T Ken Schultz, Sarnath -- Crane's poems were gorgeous, in an angst-ridden way. Stephen Crane was the first punk. I never read Red Badge of Courage, but wow those poems really made my last junior year of college.
A man said to the universe:
"Sir, I exist!"
"However," replied the universe,
"The fact has not created in me
A sense of obligation."
http://www.linguatech.com/scrane/
Speaking of crap you were forced to read in hs that wasn't enjoyable: J.D. Salinger. Ugh. Or is it possible it doesn't suck as bad as I remember?
I actually liked Catcher in the Rye very much.
Of course, his style is pretty easy to parody. I once read something called the JDSAT (J.D. Salinger Aptitude Test) and it had questions something like this (paraphrasing from memory):
------------
Question 1: A train full of crumby rich bastards with expensive cottages in the ol' Hamptons and all leaves Buffalo for Los Angeles. It's traveling at about 35 miles per hour, I suppose. At the same time, another train full of big Hollywood phoneys pulls out of Los Angeles for Buffalo. This train is going about 80 miles an hour. It's speeding like a madman. How long before the two trains collide head-on with each other in a big wreck, with twisted train cars and the bodies of rich, crumby phoneys lying all over the place, with blood all over their expensive three-piece suits and all? I mean, who the hell knows? I don't. That sort of stuff doesn't interest me very much, if you want to know the truth.

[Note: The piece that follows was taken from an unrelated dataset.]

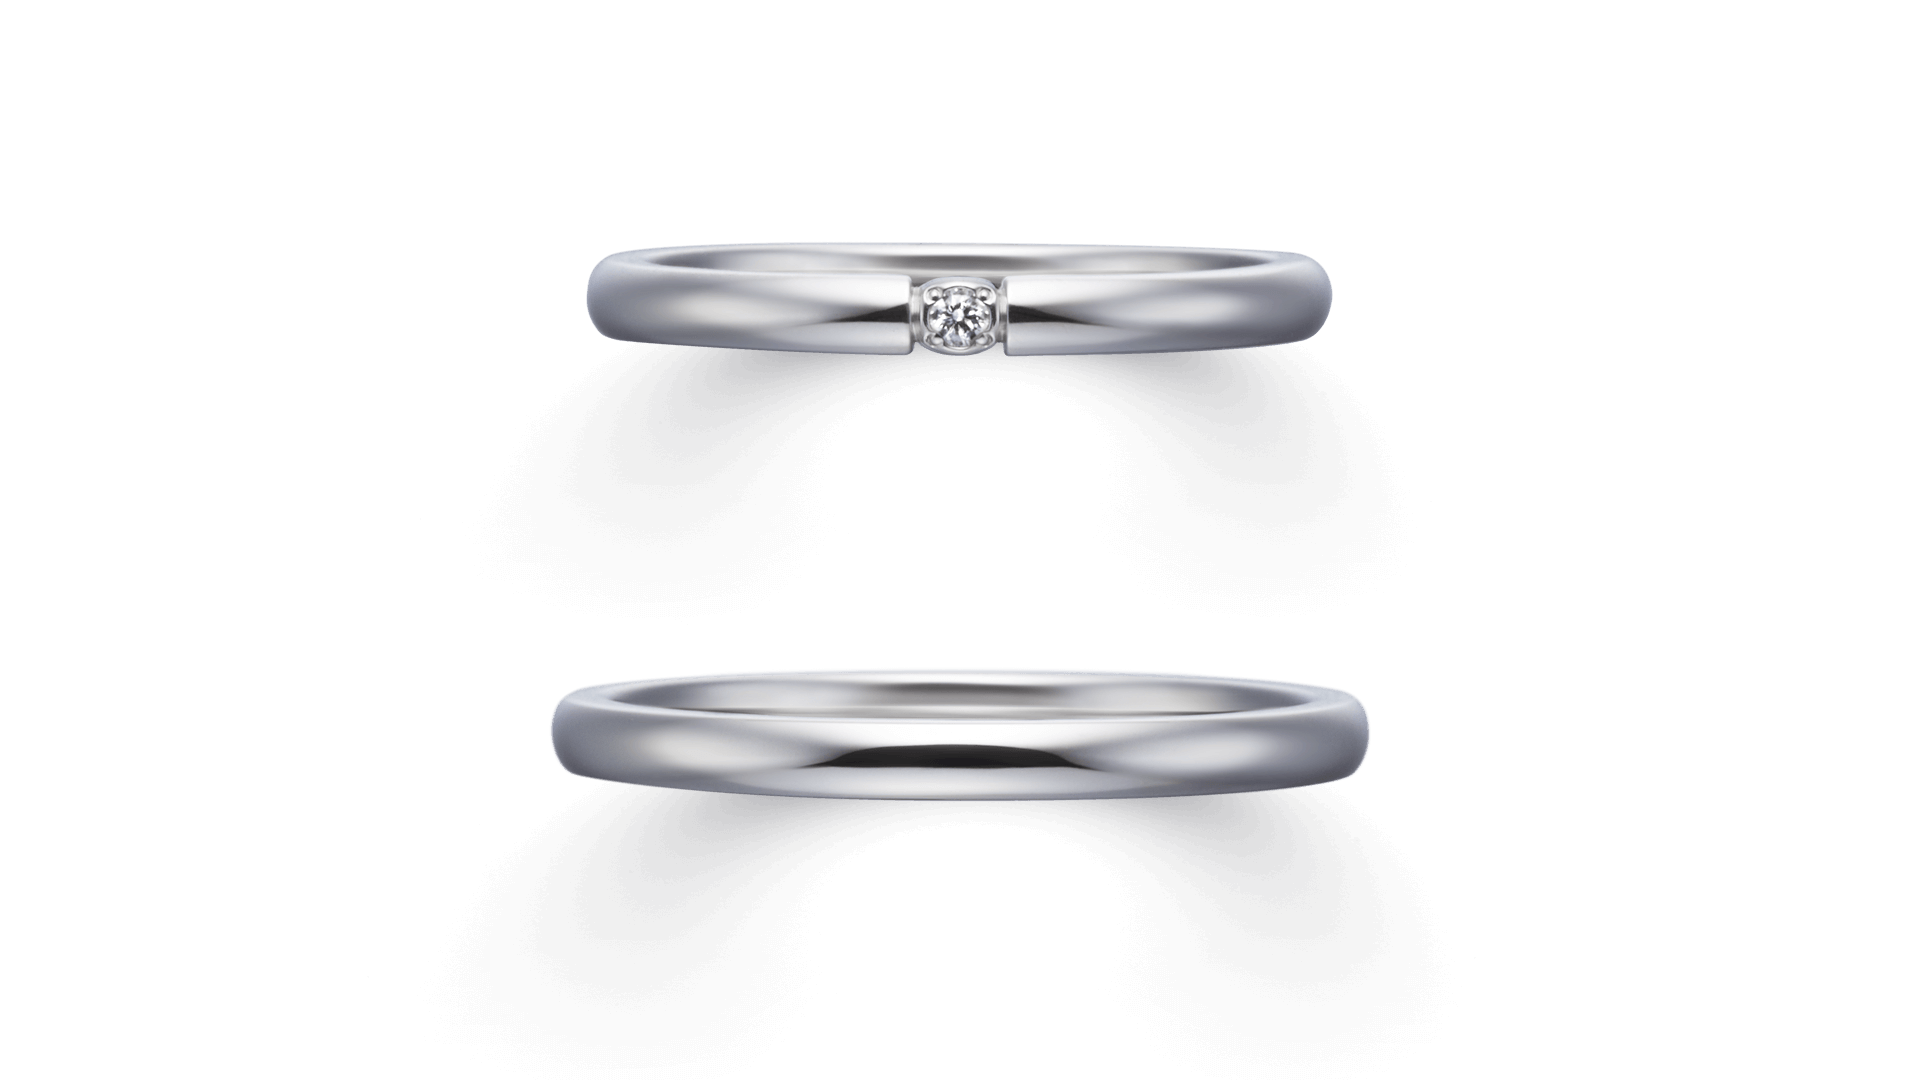 nereus ネレイス | 結婚指輪サムネイル 1

I liked Catcher in the Rye, but I found Salinger's other works less than enthralling; I never warmed up to the Glass family saga that much.
To Kill A Mockingbird was a wonderful book, perfectly capturing the atmosphere and tensions of the early 30's South. I'm also pleased that Hollywood did the novel justice - it's not often that one can say that, but the film version was very faithful to the novel, as well as being superbly cast and directed.

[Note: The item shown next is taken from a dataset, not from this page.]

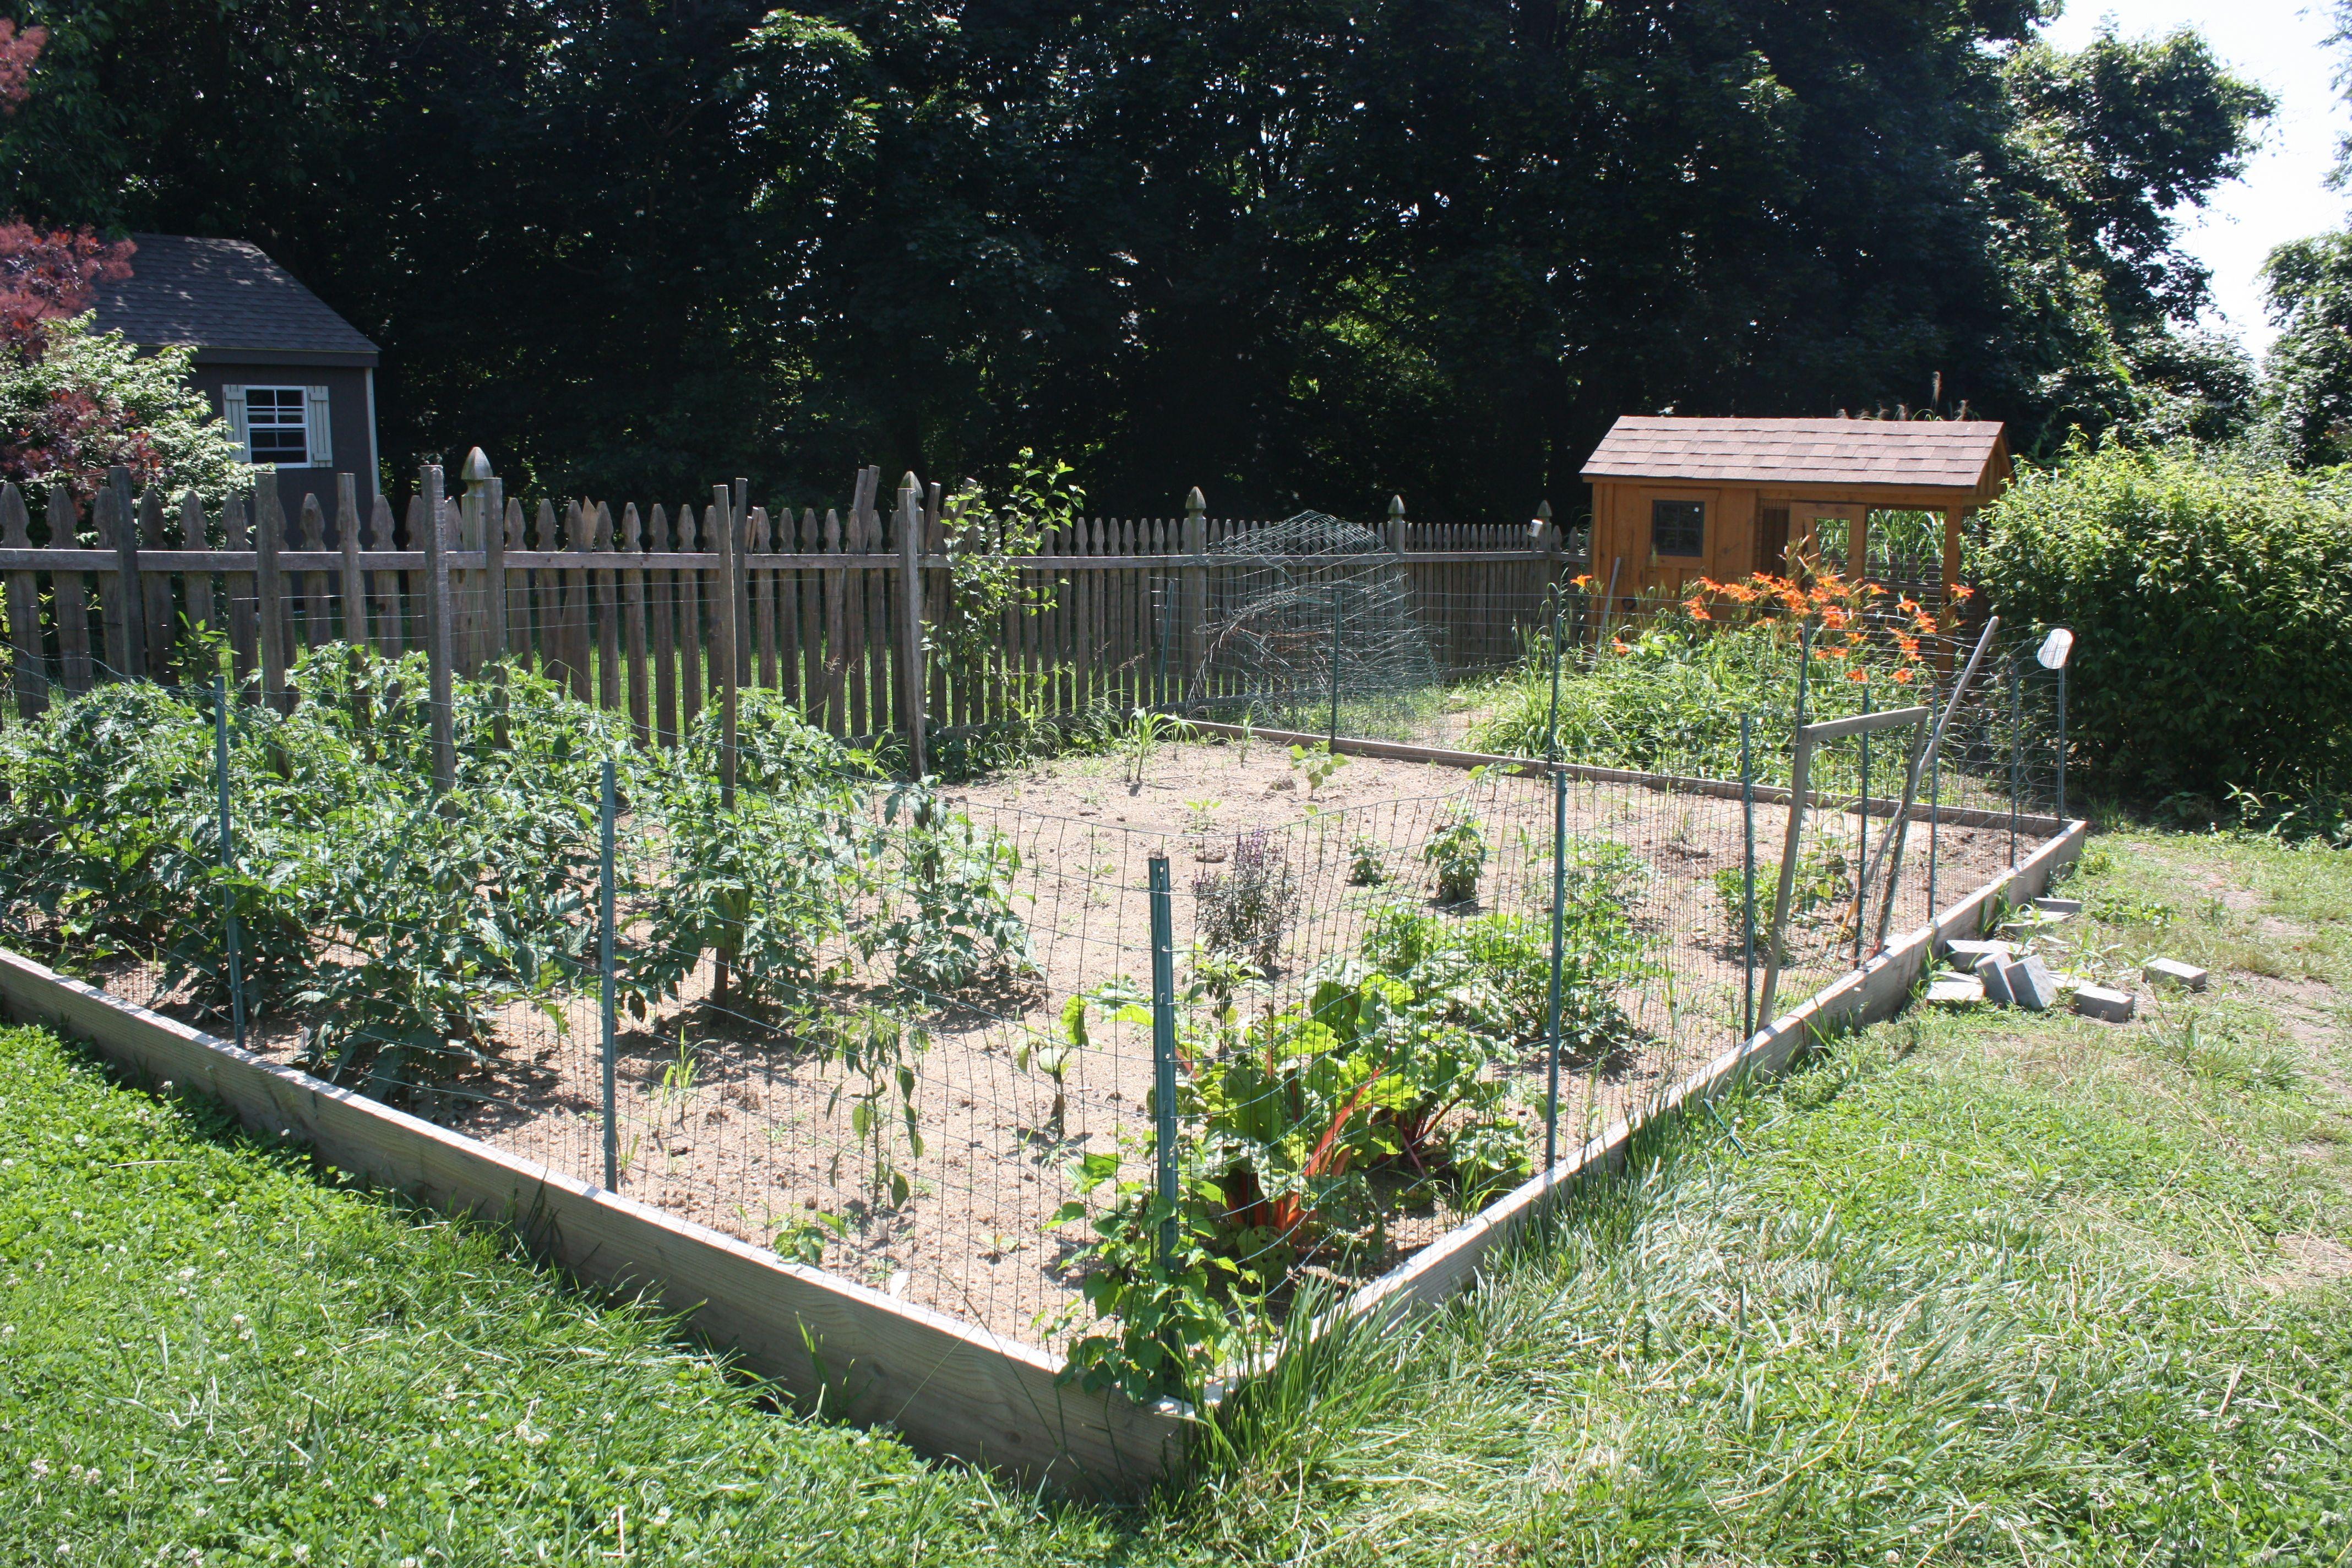 Merveilleux Vegetable Garden Fence Chicken Wire Photo   1

Totally agree with Mark, both about Salinger and about To Kill a Mockingbird.
I first read Mockingbird in Russia, at the age of 14 or so in a Russian translation (which was very good but, as I eventually realized, missed a lot of important nuances -- for instance, when the prosecutor at the trial addresses the black defendant as "boy," the translation rendered this as something like "fellow"). I thought it was an amazing book, both in terms of recreating the world of a small town in the deep South in the 1930s and in terms of recreating the inner (and outer) world of childhood.

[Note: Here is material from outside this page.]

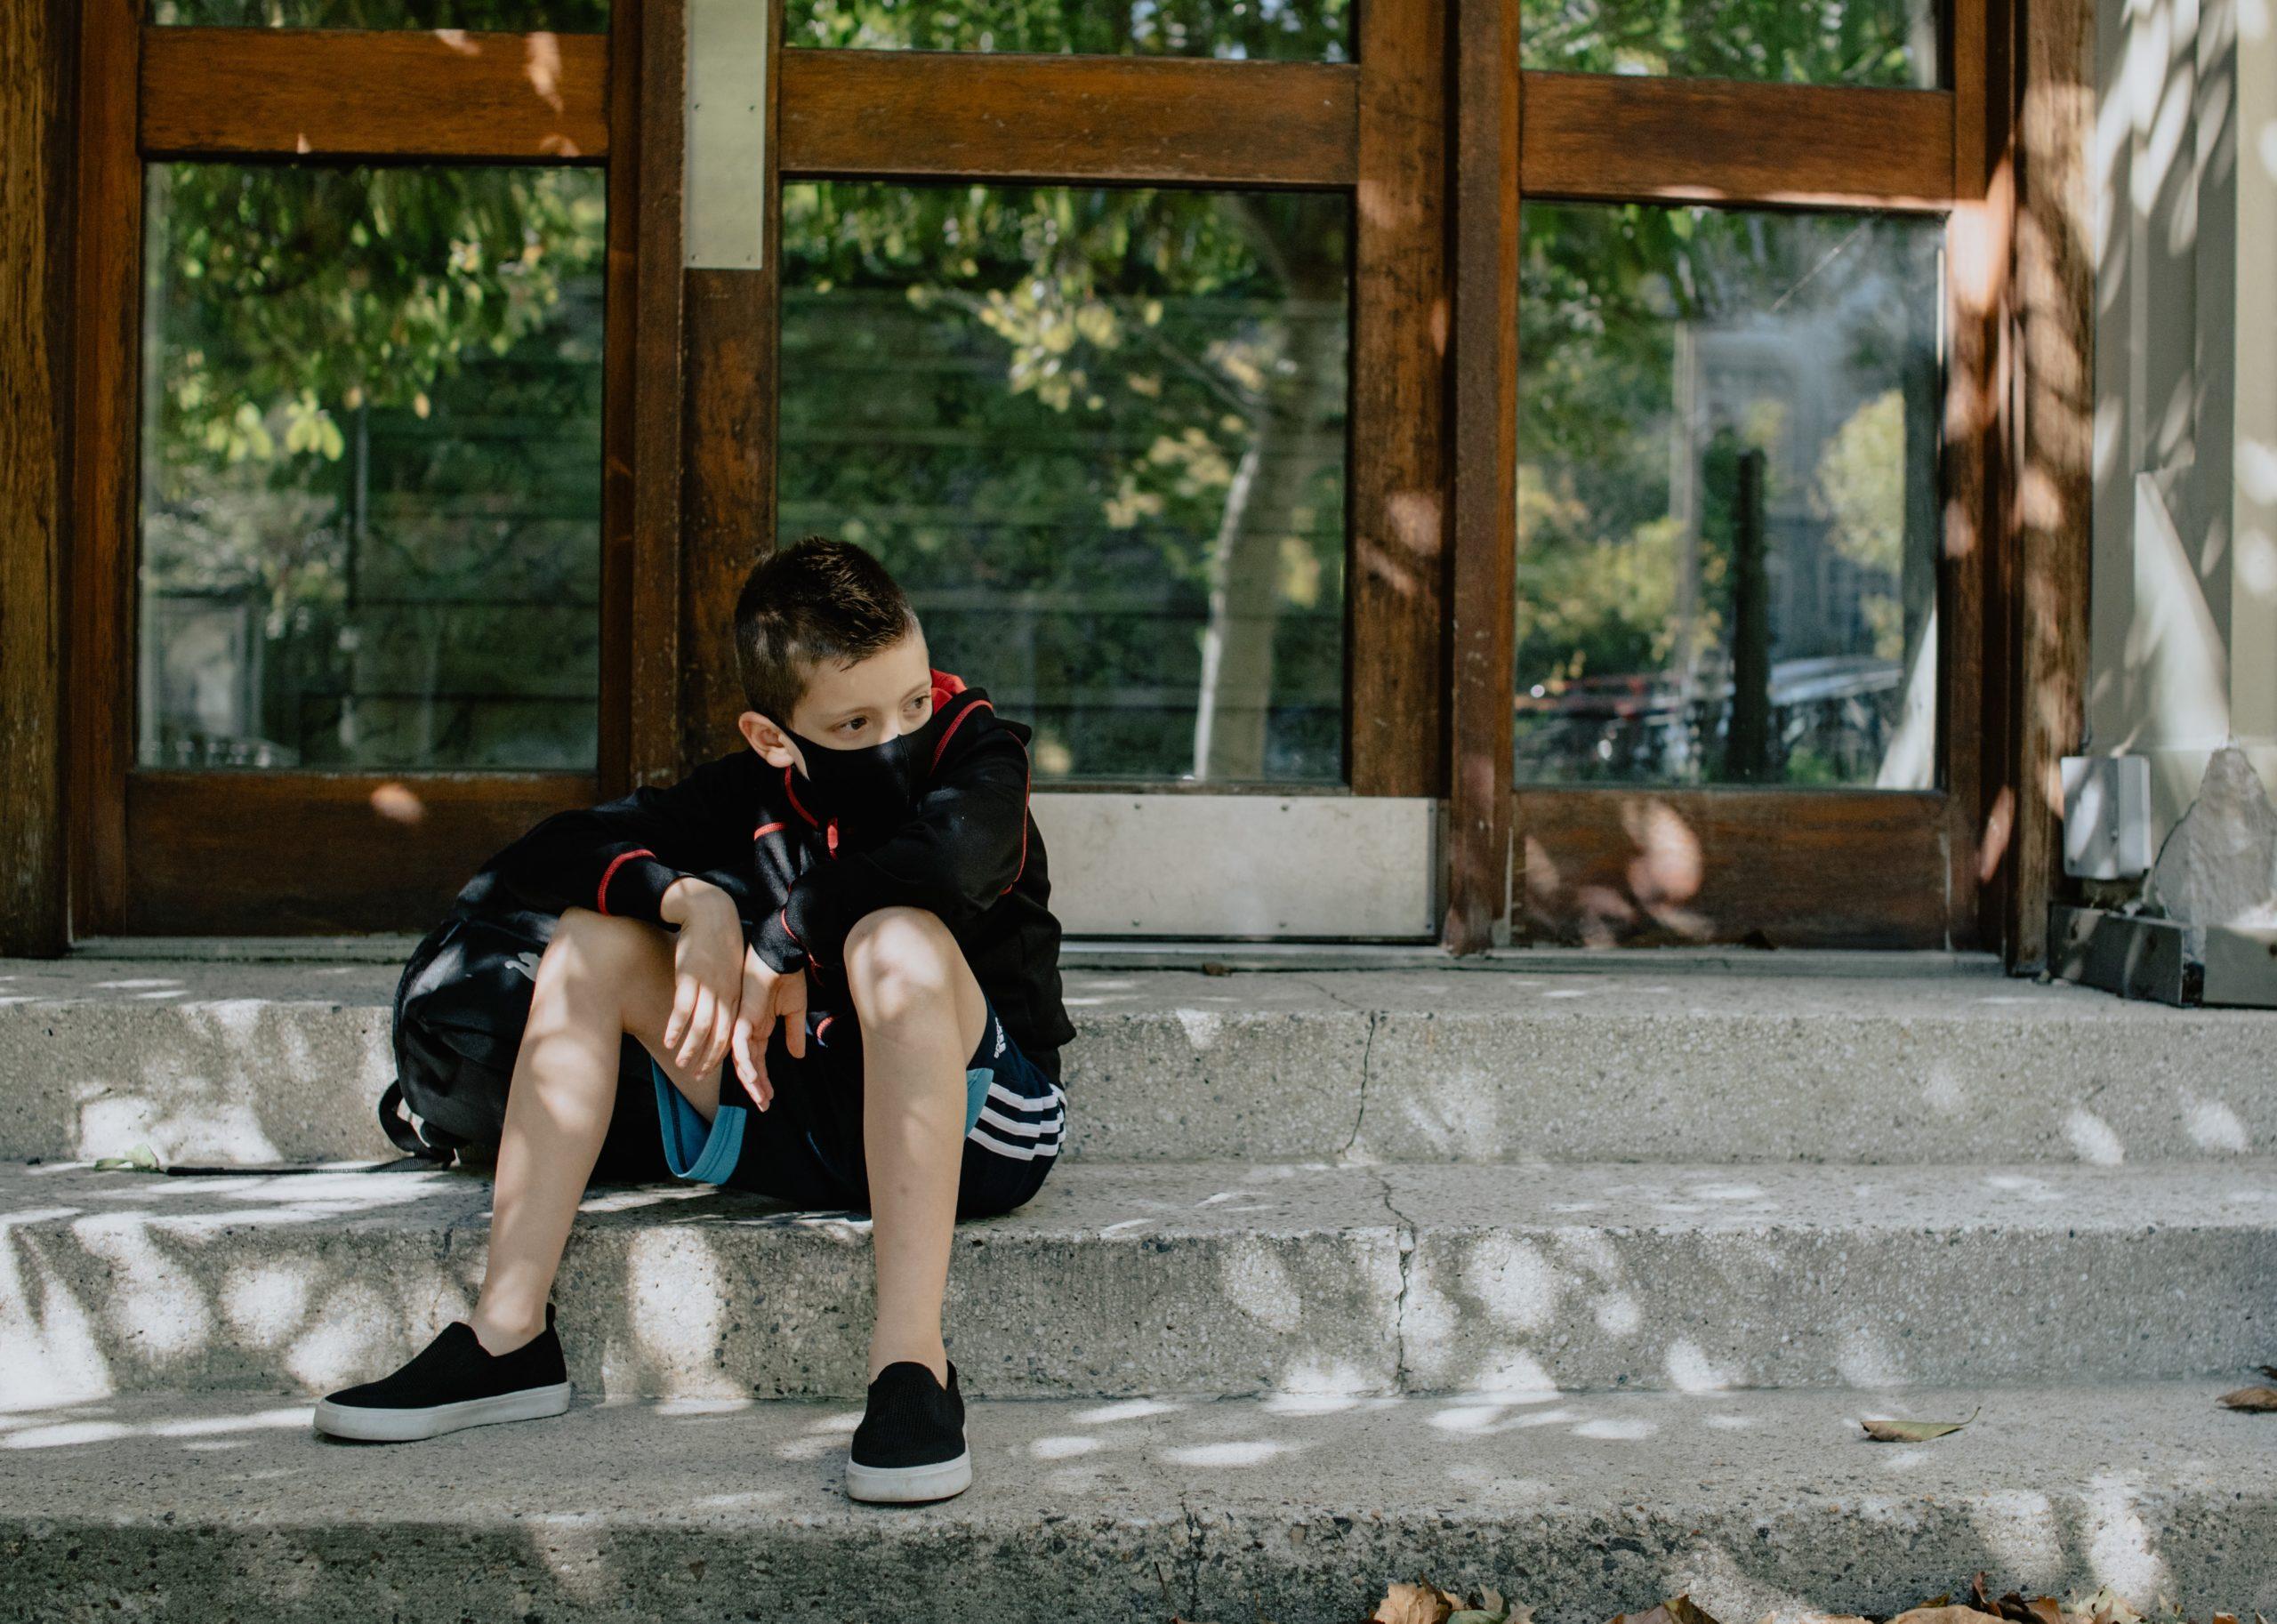 """""""Někteří žáci už ztratili motivaci a pracovní návyky. Už jen sedět v 8 ráno v lavici a naplno fungovat, pro ně bude těžké,"""" říká olomoucký ředitel Jiří Vymětal. FOTO: Unsplash"""

I re-read it a number of years later in English, when living in the U.S. and with a much stronger grasp of the period and the setting. If anything, my opinion of the book was much higher this time. I suspect that it suffers somewhat from being "one of those books they make you read in school." This one fully deserves its status as a classic.
Thanks for posting the story. I've often wondered what Harper Lee was doing now.
I happen to know that Harpee Lee has been writing another novel, under the working title To Kill a Critic. I once asked her what it was about but all I can remember is her mumbling something that sounded like 'the anti-Christ.'
Harper Lee, sorry
I really should wear my glasses when I do this
the catcher in the rye was the worst book ever assigned our dear high school, including being forced to read evelyn waugh at gunpoint.
forced to read evelyn waugh at gunpoint
Damn, tough high school.
damn straight. we did get to read portrait of the artist in the same class, for which i am forever grateful. but it was hell to go from swift and joyce to fucking jd fucking overrated fucking annoying rich kid story blah blah blah blah blah goddamn i still hate that book.
HC was the first fictional character i ever wanted to beat up.
Well, if you really want to know about it, I didn't even want to be in the crumby book. Old Salinger got ahold of my therapist's notes. It was pretty goddamn unethical, if you ask me. So he decided to write a book about me, or some goddamn thing. Now a whole bunch of these snot-nose brat high school kids all hate me. I didn't even write the book. Who decided it was great literature? Who the hell knows? I don't. Now I'm going to go out in the rain and cry. I'm blubbering like a madman. Old dhex. Goddamn it.
That's the funny thing, though. Everytime you get on the Internet and read a blog, and you read about yourself, and it starts raining, it always makes you cry.